Kremlin accuses Biden of 'demonising' Russia to win more Ukraine money from Congress

  • World
  • Thursday, 07 Dec 2023

Vendors remove debris at a local market following recent shelling in the course of Russia-Ukraine conflict in Donetsk, Russian-controlled Ukraine, December 6, 2023. REUTERS/Valery Melnikov

MOSCOW (Reuters) - The Kremlin on Thursday accused President Joe Biden of seeking to demonise Russia in order to wring more funds from Congress to keep the war in Ukraine going, something Moscow likened to burning U.S. taxpayers' money in a furnace.

Biden pleaded with Republicans on Wednesday for a fresh infusion of military aid for Ukraine, warning that a victory for Russia over Kyiv would leave Moscow in position to attack NATO allies and could draw U.S. troops into a war.

However, Senate Republicans later on Wednesday blocked Democratic-backed legislation that would have provided billions of dollars in new security assistance for Ukraine, saying they wanted to press their point about the importance of tighter border policy.

Kremlin spokesman Dmitry Peskov accused Biden of trying to persuade U.S. lawmakers to do something that Moscow has long argued is futile and will merely prolong a war which Russia has said it must win to protect its own security.

"We very much regret that the U.S. leadership continues its habit of using Russia as a tool in its domestic affairs," said Peskov.

"And in this case specifically, they are engaged in an absolutely blatant demonisation of our country in order to manipulate their congressmen and senators in order to continue to burn American taxpayers' money in the furnace of the Ukrainian war.

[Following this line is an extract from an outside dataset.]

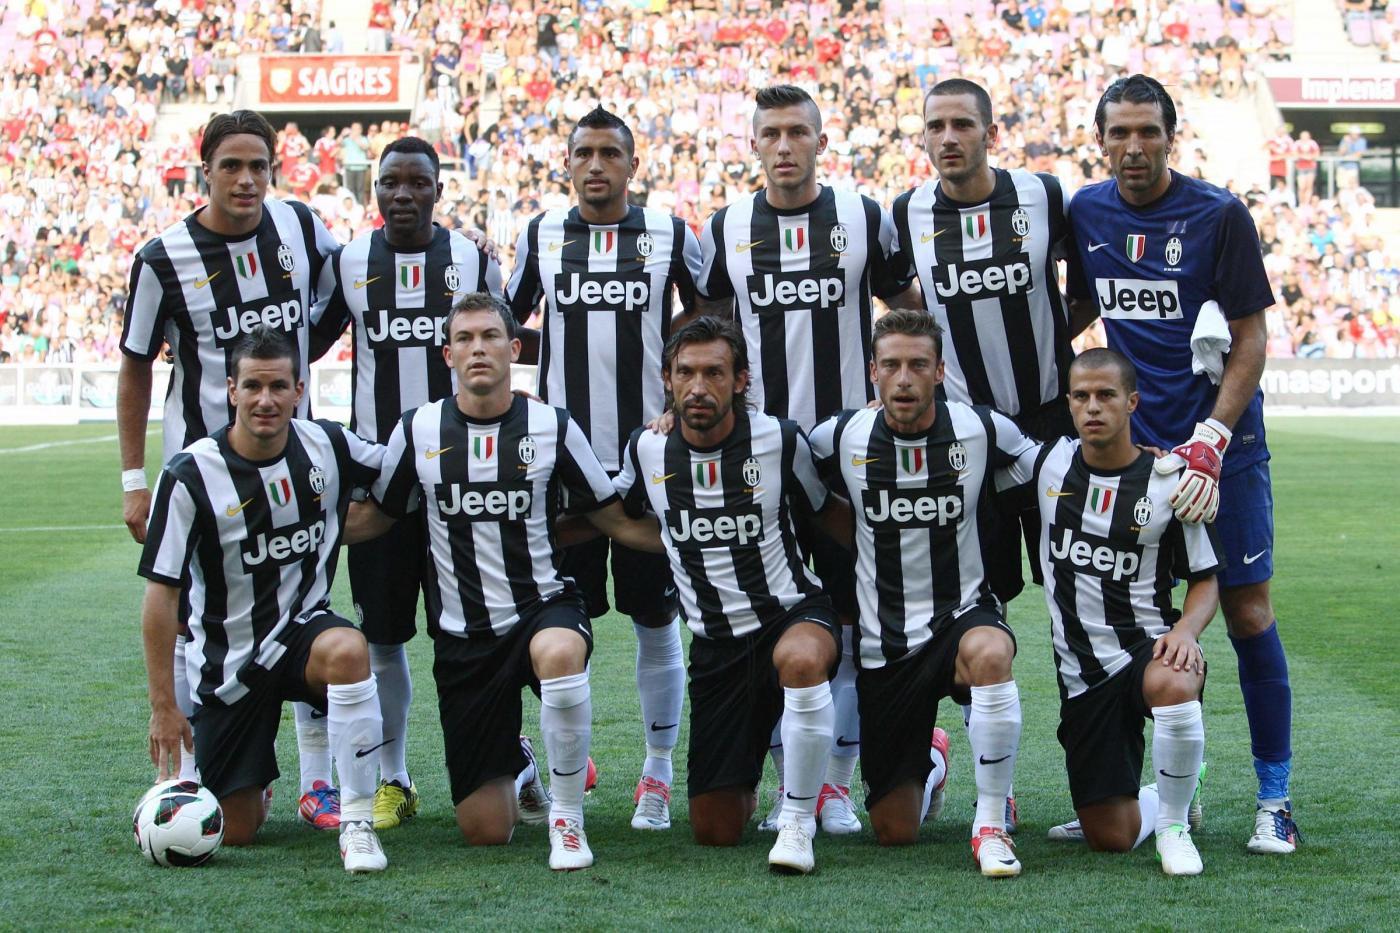 juventus team football image high resolution picture

"We believe that this is a very unfortunate practice, and we would like to hope that there are still many people with sober minds among American congressmen who understand that this is nothing but absolute demonisation aimed at manipulating them."

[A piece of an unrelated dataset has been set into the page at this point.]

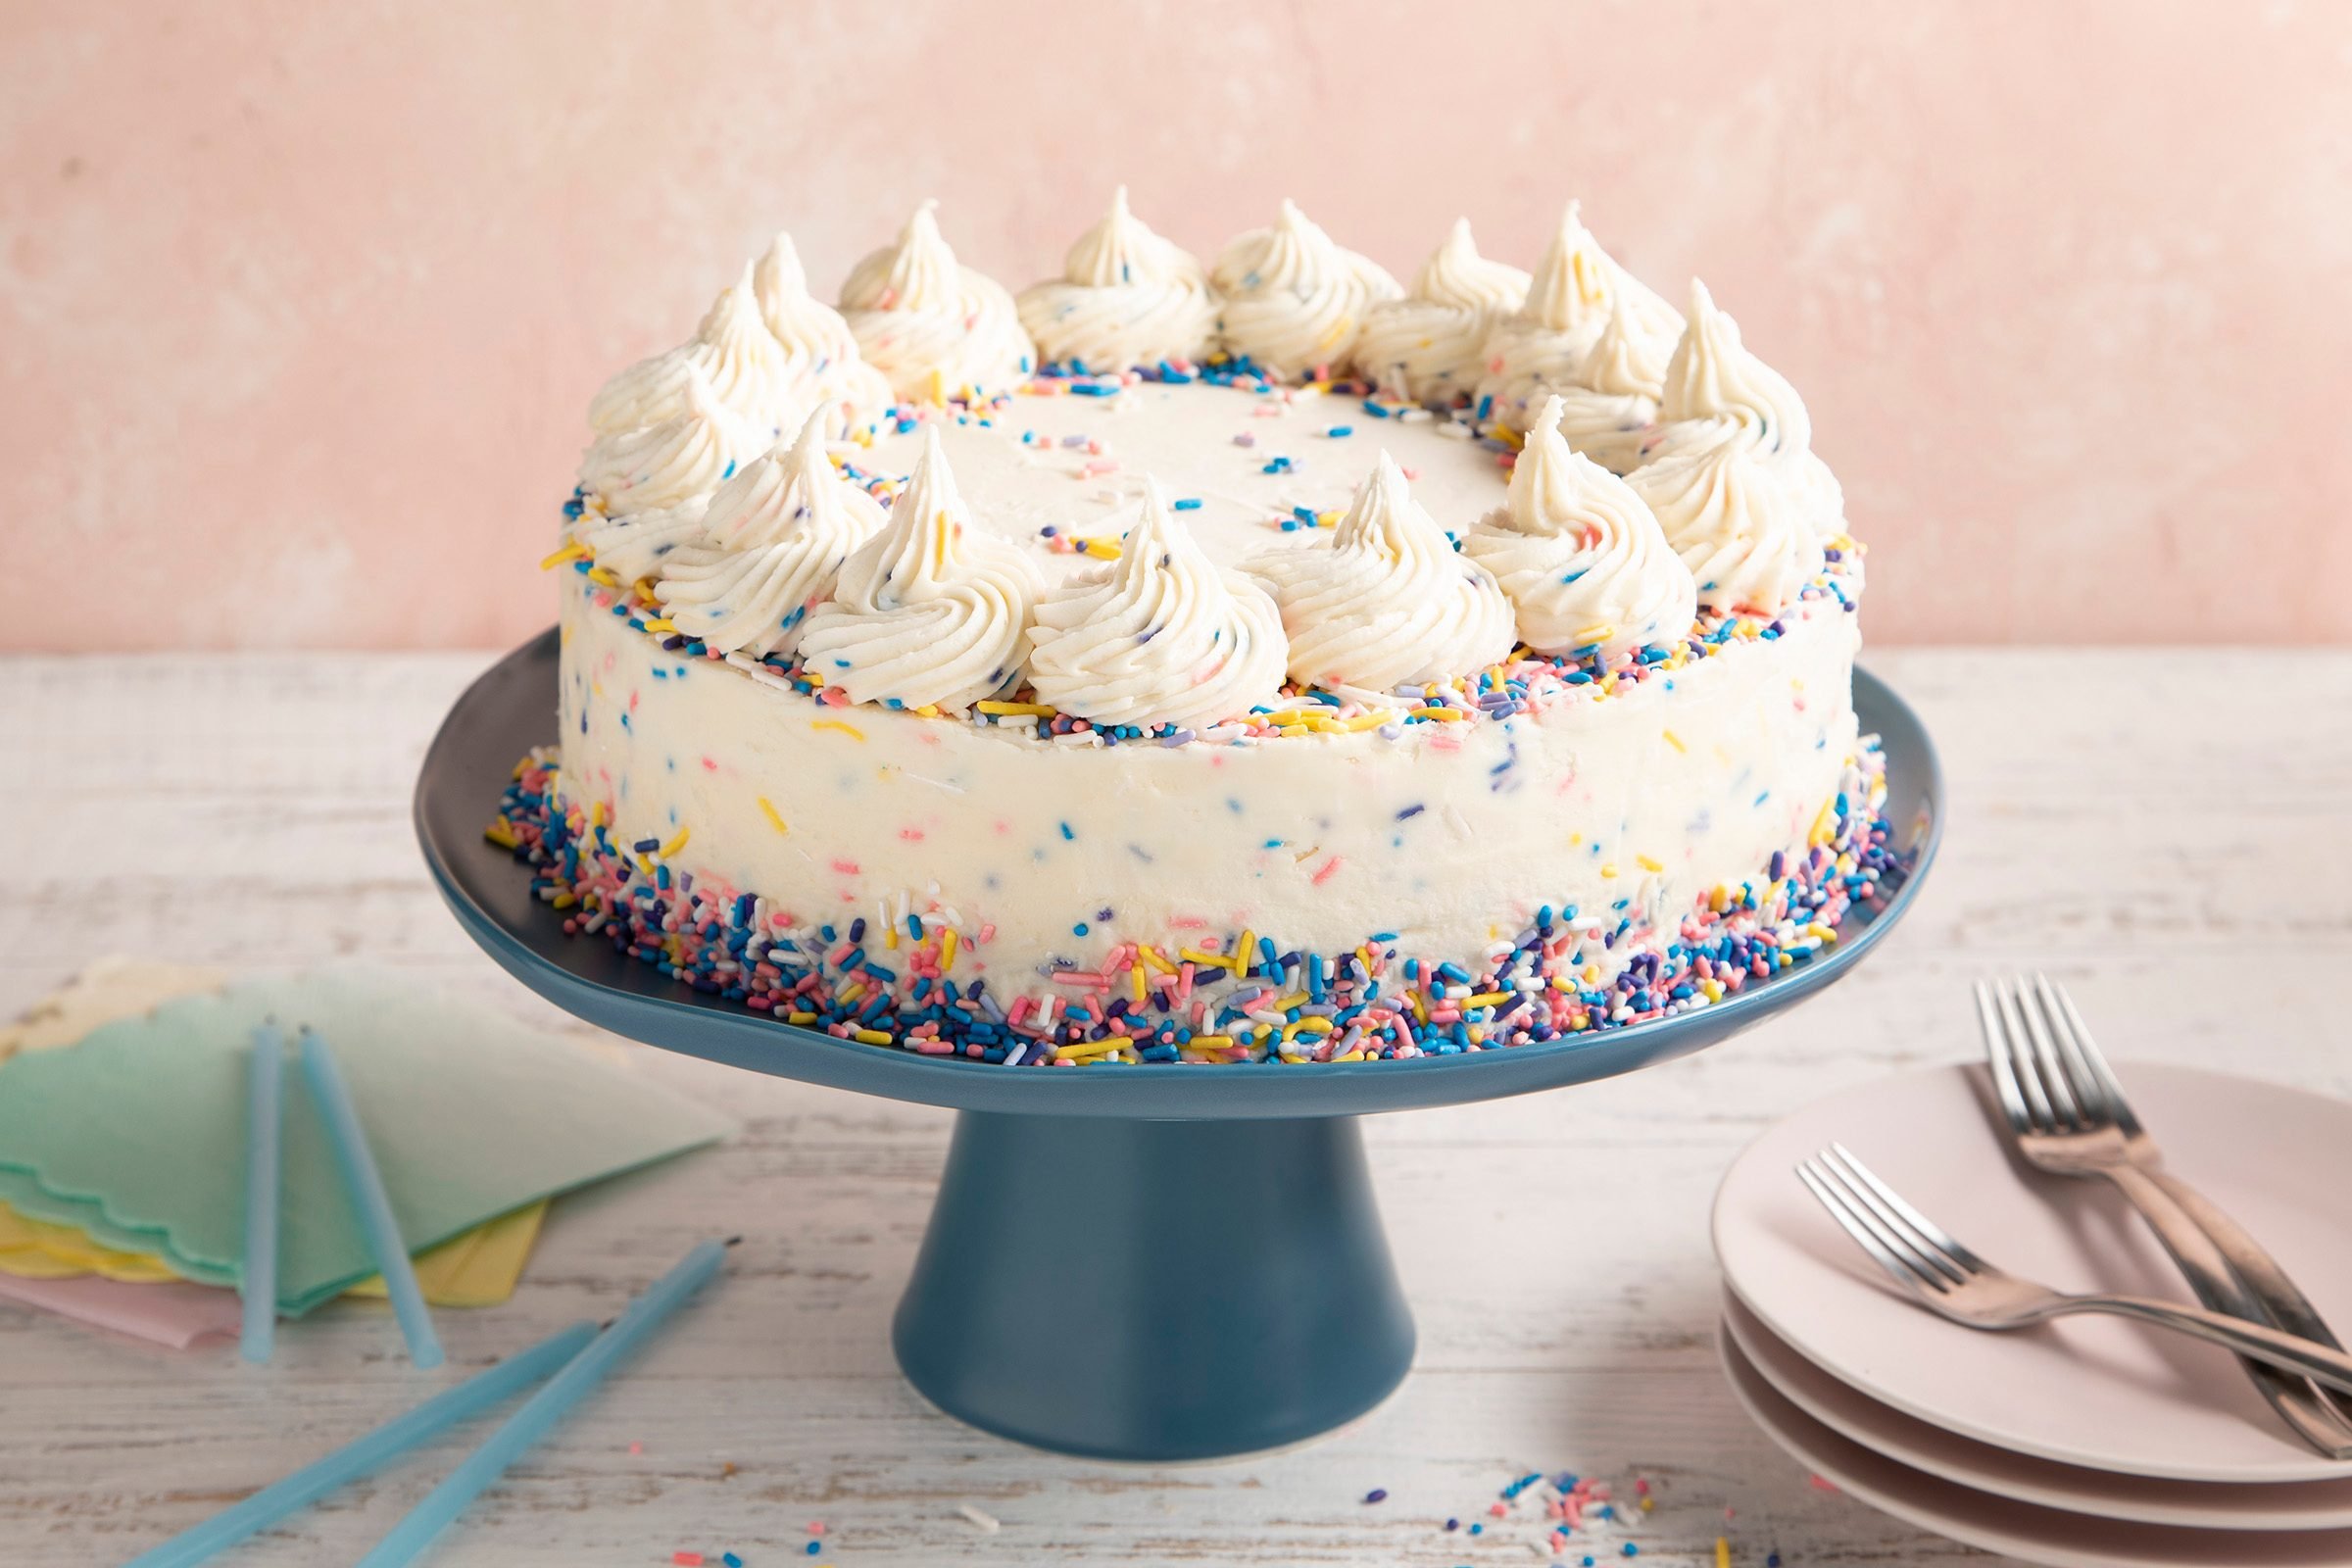 7 Cake Decorating Essentials for a Flawless Cake

Putin sent troops into Ukraine early last year, triggering a war that has killed or wounded hundreds of thousands and led to the biggest confrontation between Russia and the West in six decades.

The West has given Ukraine more than $246 billion in aid and weapons, but a Ukrainian counteroffensive has failed and Russia remains in control of just under a fifth of Ukrainian territory.

In his plea to Republicans on Wednesday, Biden said:

"If Putin takes Ukraine, he won’t stop there," predicting that Putin would go on to attack a NATO ally.

Then, Biden added, "we’ll have something that we don't seek and that we don't have today: American troops fighting Russian troops".

Sergei Naryshkin, Putin's foreign intelligence chief, told the United States earlier on Thursday that Western support for Ukraine would turn the conflict into a "second Vietnam" haunting Washington for years to come.

"Ultimately, the U.S. risks creating a 'second Vietnam' for itself, and every new American administration will have to try to deal with it," the head of Russia's Foreign Intelligence Service (SVR), said in an article.